Interest rate hike warning for South Africa

 ·22 Aug 2025

South Africa’s inflation print has ticked upwards, and experts have warned that the South African Reserve Bank (SARB) may have less room to cut interest rates in the near future.

Notably, if the government doesn’t support a move to a new 3% inflation target and adjust its spending to match, the Reserve Bank may be forced to hike rates to compensate for this.

The latest inflation figures from Stats SA showed that annual consumer price inflation jumped 0.5 percentage points to 3.5% in July 2025. 

The main contributors to the annual increase were food, non-alcoholic beverages (Food NAB), housing, and utilities.

Food NAB has been ticking higher throughout the year, with meat and vegetables showing double-digit monthly inflation.

Housing and utilities also grew by 4.3% year-on-year, as various municipal rates and taxes were lifted. 

Tariffs for water supply increased by 12.1% in 2025, a massive jump from 2024’s rise of 7.5%. Electricity also climbed by 10.6% in 2025, a steep increase, even lower than the 11.5% recorded in 2024. 

This year, refuse collection and sewage removal tariffs were added to the inflation basket. Refuse collection rose by 6.6% and sewage removal by 6.5%.

The figures highlighted that these input costs are part of the overall inflation dynamics.

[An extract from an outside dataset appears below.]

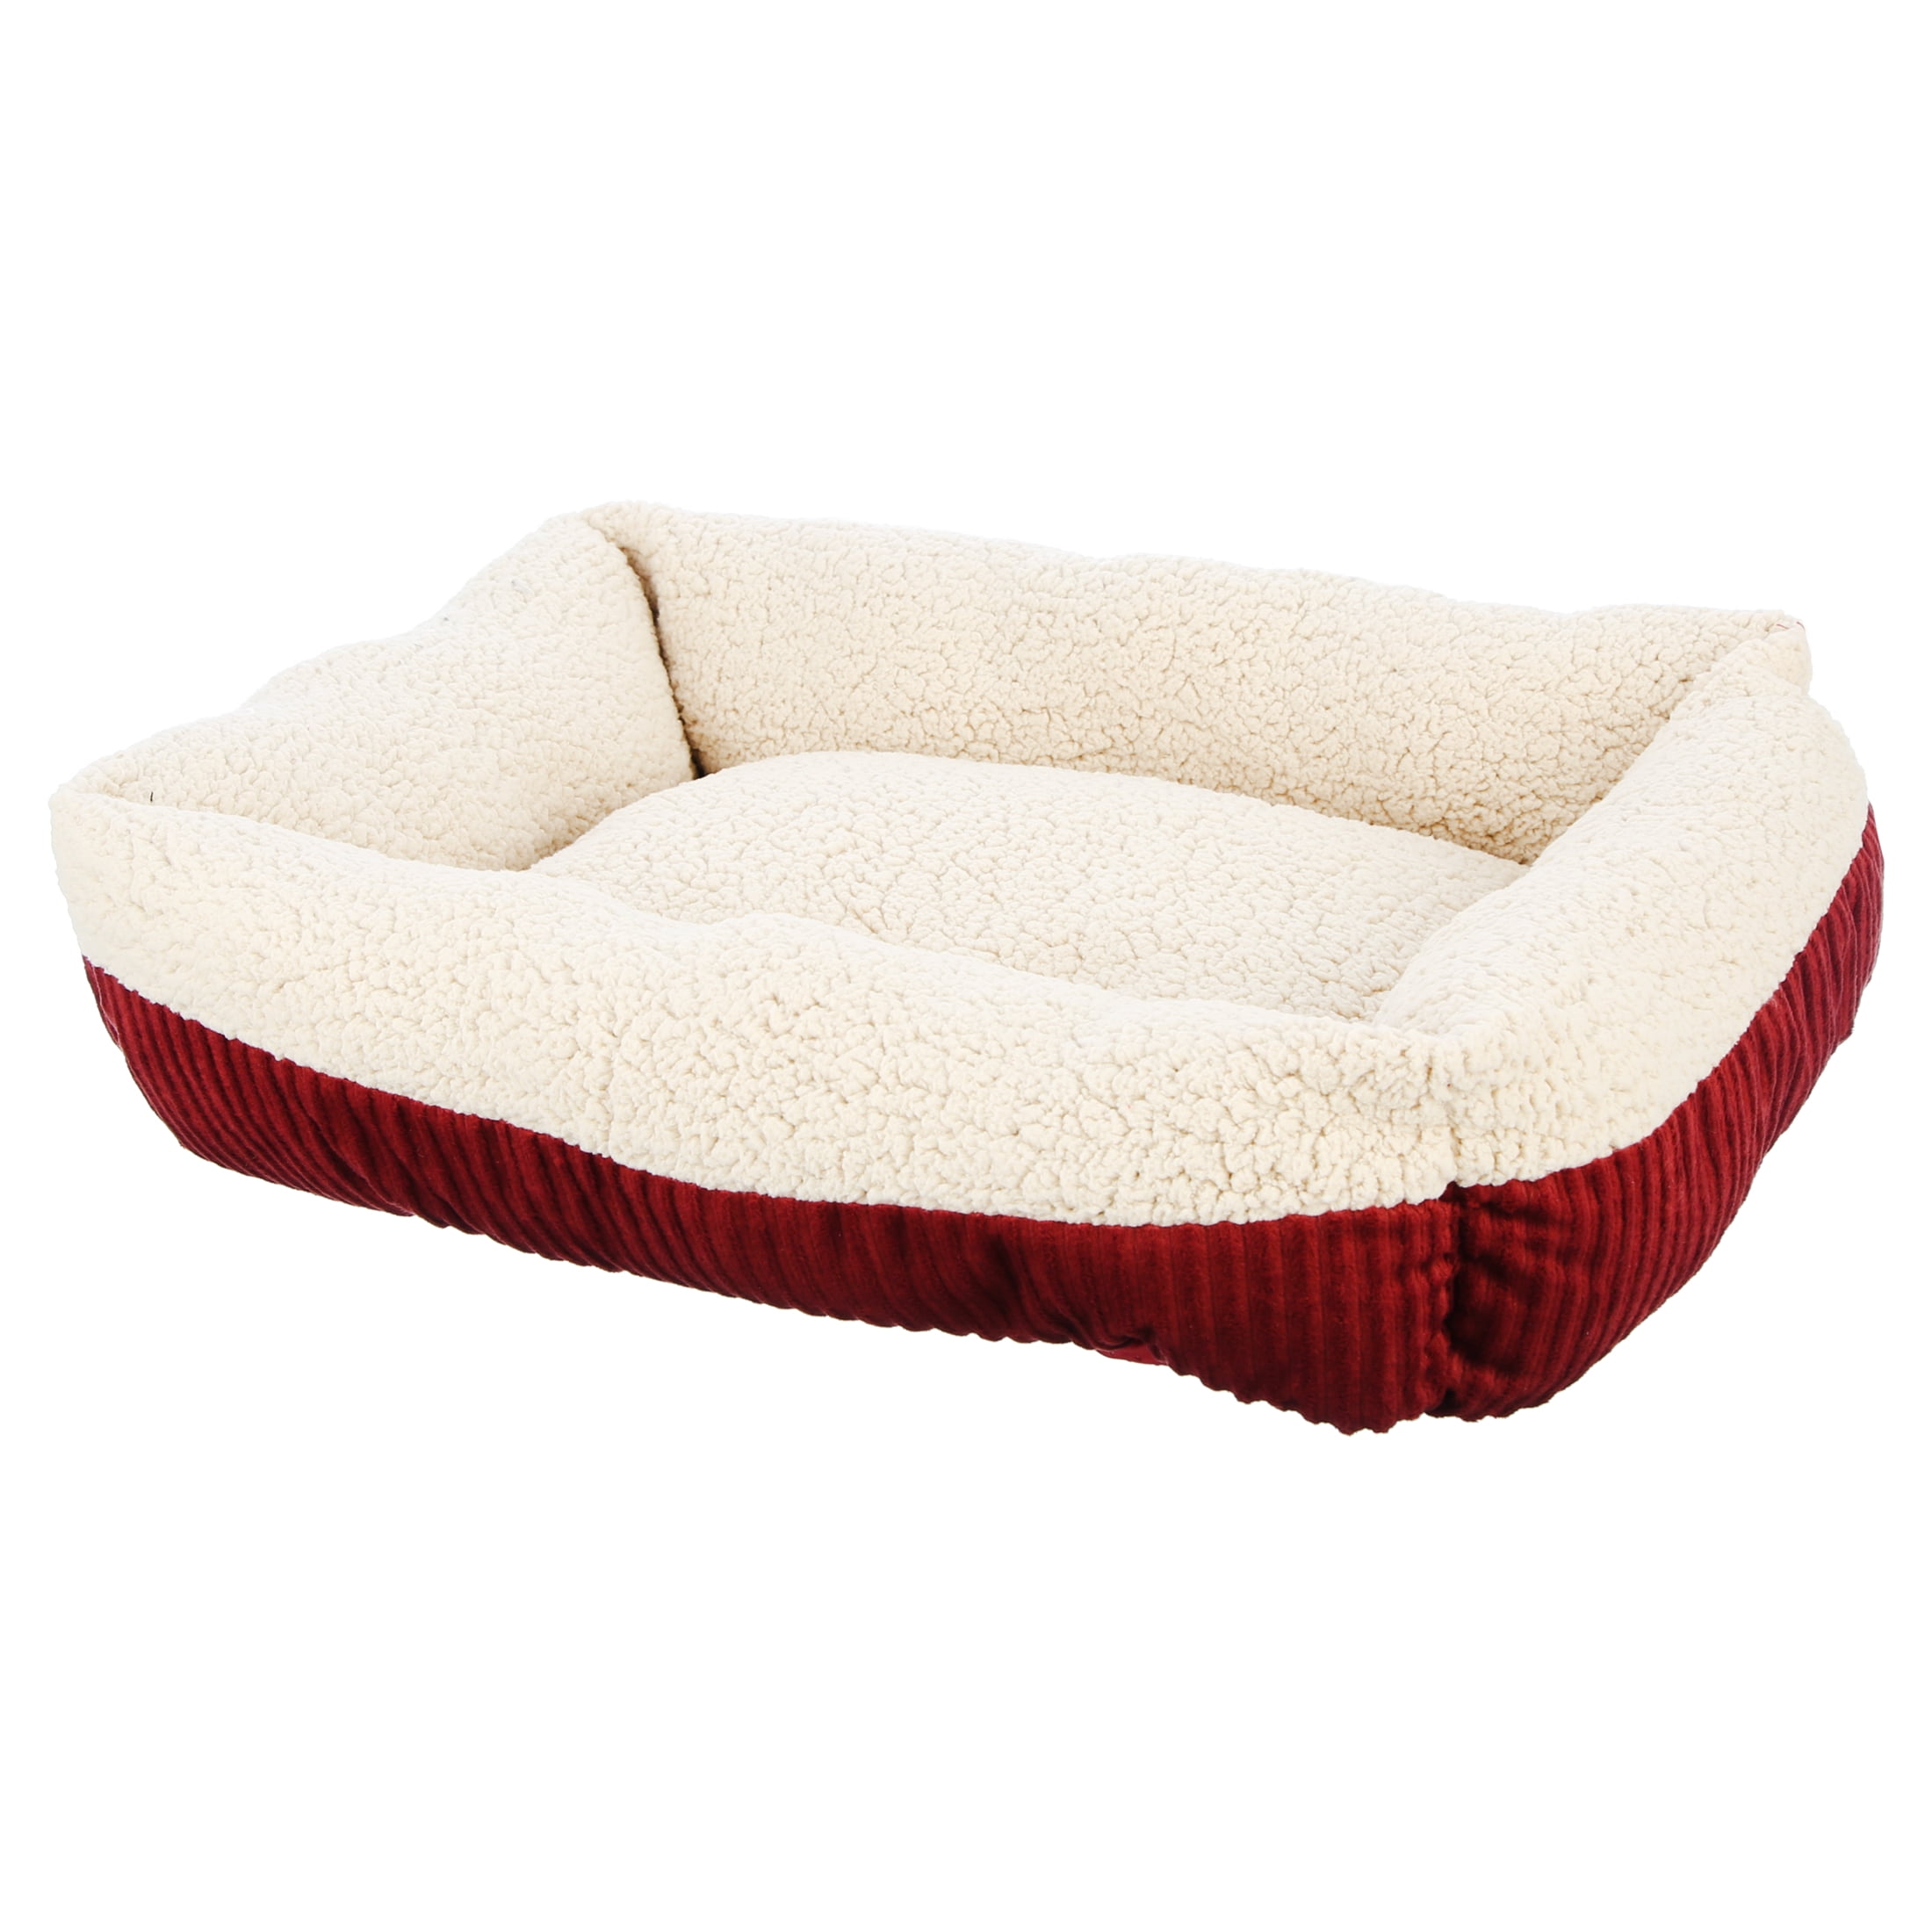 Aspen Pet Rectangular Pet Cat Bed, Red - Walmart.com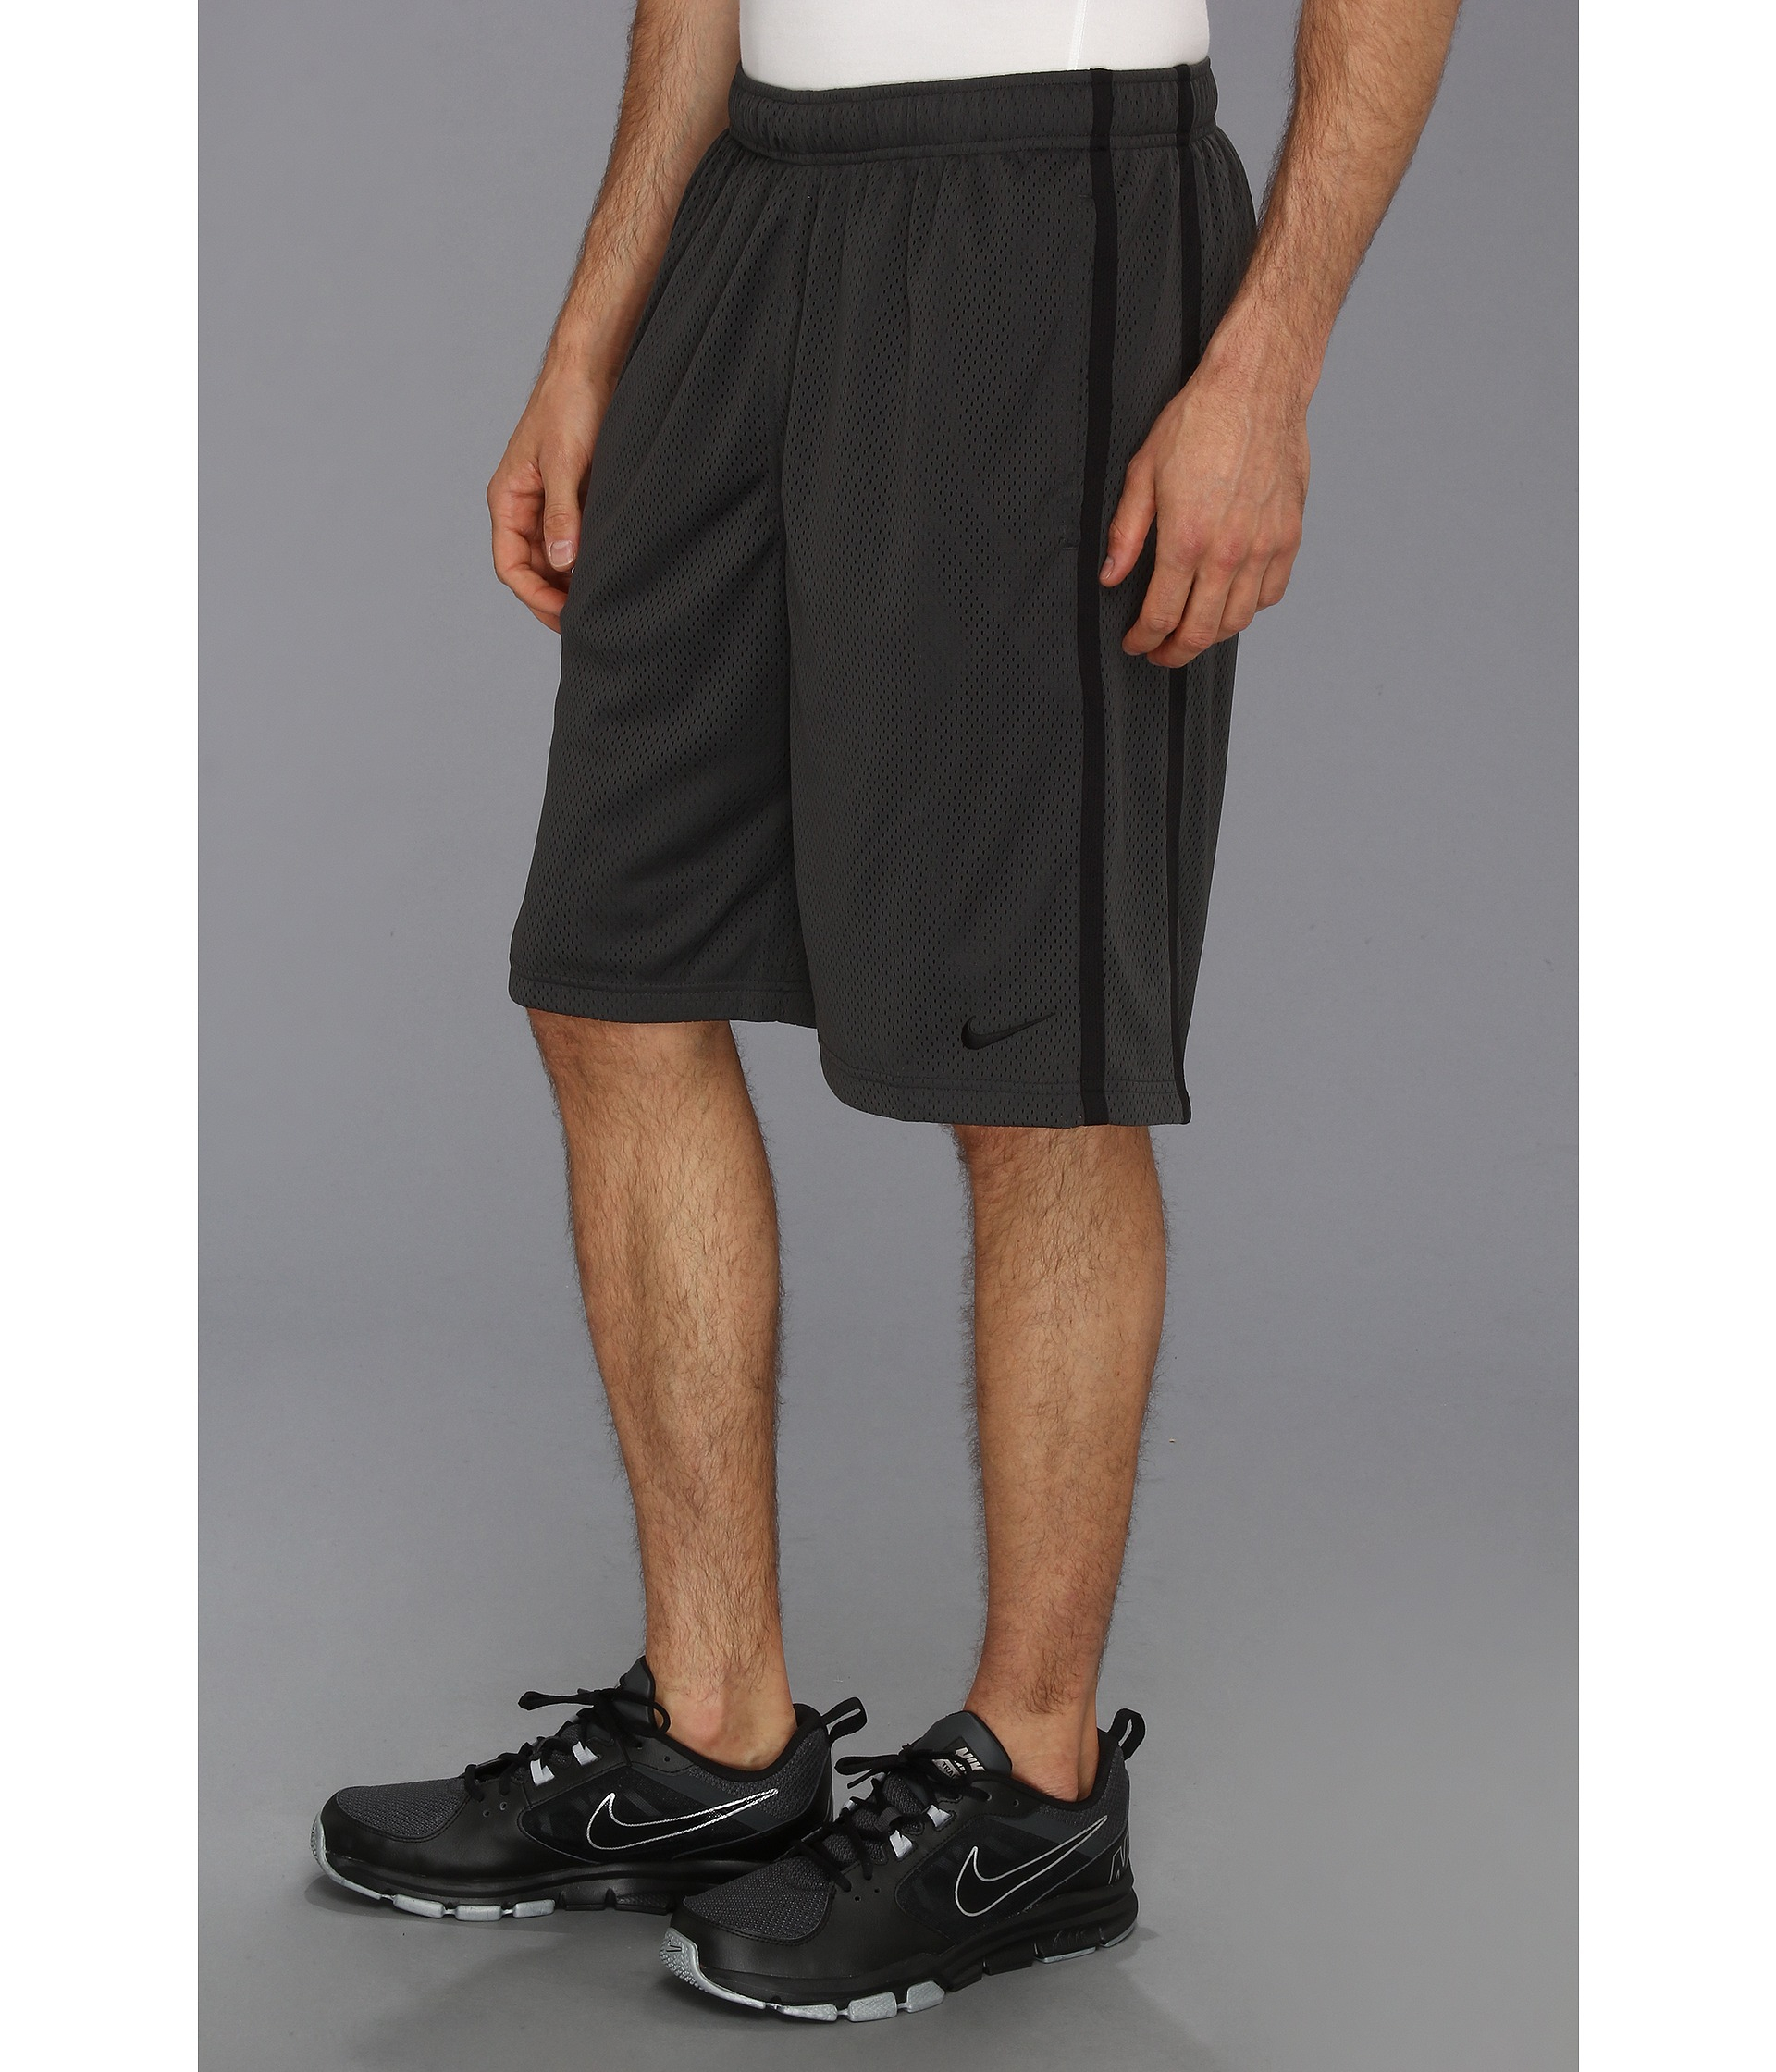 Nike Monster Mesh Short in Anthracite/Black/Black (Black) for Men - Lyst

Without the rise in utility costs, headline inflation would have only stood at 3.1%. 

The latest figure may be at the lower end of the target range of 3% to 6%, but it is starting to climb after months of being around the 3% mark. 

Chief Investment Office of PSG Wealth Adrian Pask noted that while the rate remains within the target range, the upward trend could reduce the likelihood of additional interest rate easing.

The SARB has cut rates by 125 basis points since September 2024, bringing the repo rate down to a neutral level of 7.0%, following a massive decline in inflation.

The Reserve Bank’s modelling points to another 25 basis point cut in the cycle in 2025, with another 125bps possible in 2026 and 2027 if South Africa can maintain an inflation target of 3%.

However, the relatively large upward swing in the latest data puts this in doubt.

Rate hikes coming if government leaves the SARB hanging

Economists have also questioned how the SARB could achieve its new 3% inflation target without government support. 

At the latest Monetary Policy Committee (MPC) meeting, Governor Lesetja Kganyago announced that the SARB would base its interest rate decisions on achieving 3% inflation. 

The six-person MPC previously based its interest rate decisions on achieving 4.5%, the midpoint of the target range. 

The SARB has indicated that it can cut interest rates by 125 basis points in 2026 and 2027 if it can achieve the 3% target. 

However, the move has been met with some resistance from the Finance Minister, who is responsible for setting the target.

Although Kganyago has been confident that the relevant parties will be able to reach an agreement, FNB’s economists have stressed that the government has to play ball. 

“Fundamentally, a failure by the government to fully subscribe to a 3% inflation target will weaken the efficacy with which the SARB reduces the inflation target,” said FNB.

“As long as many of the costs consumers face daily remain elevated, the MPC’s reliance on responsive inflation expectations supporting the journey to lower inflation will be at risk.” 

Monetary policy may then have to restrict activity more than desired to compensate for pricing behaviour that does not quickly follow the new 3.0% target. 

Regarding future inflation outcomes, FNB expects headline inflation to remain flat in August. 

Monthly pressure on food could slow, while average fuel prices could detract from monthly headline pressures. 

This will be supported by muted momentum in underlying inflation, meaning that South Africa sees contained monthly pressure on the headline figure. 

However, fading positive base effects will increase annual inflation over the coming months.

“Headline inflation should remain below the midpoint of the target range. Relatively soft inflation will be supported by weak oil prices, a stronger rand, and a slow recovery in economic activity.”

“The rise in utility costs, which have tended to surpass headline inflation in history, will continue to place upward pressure on the inflation expectations of households and businesses.”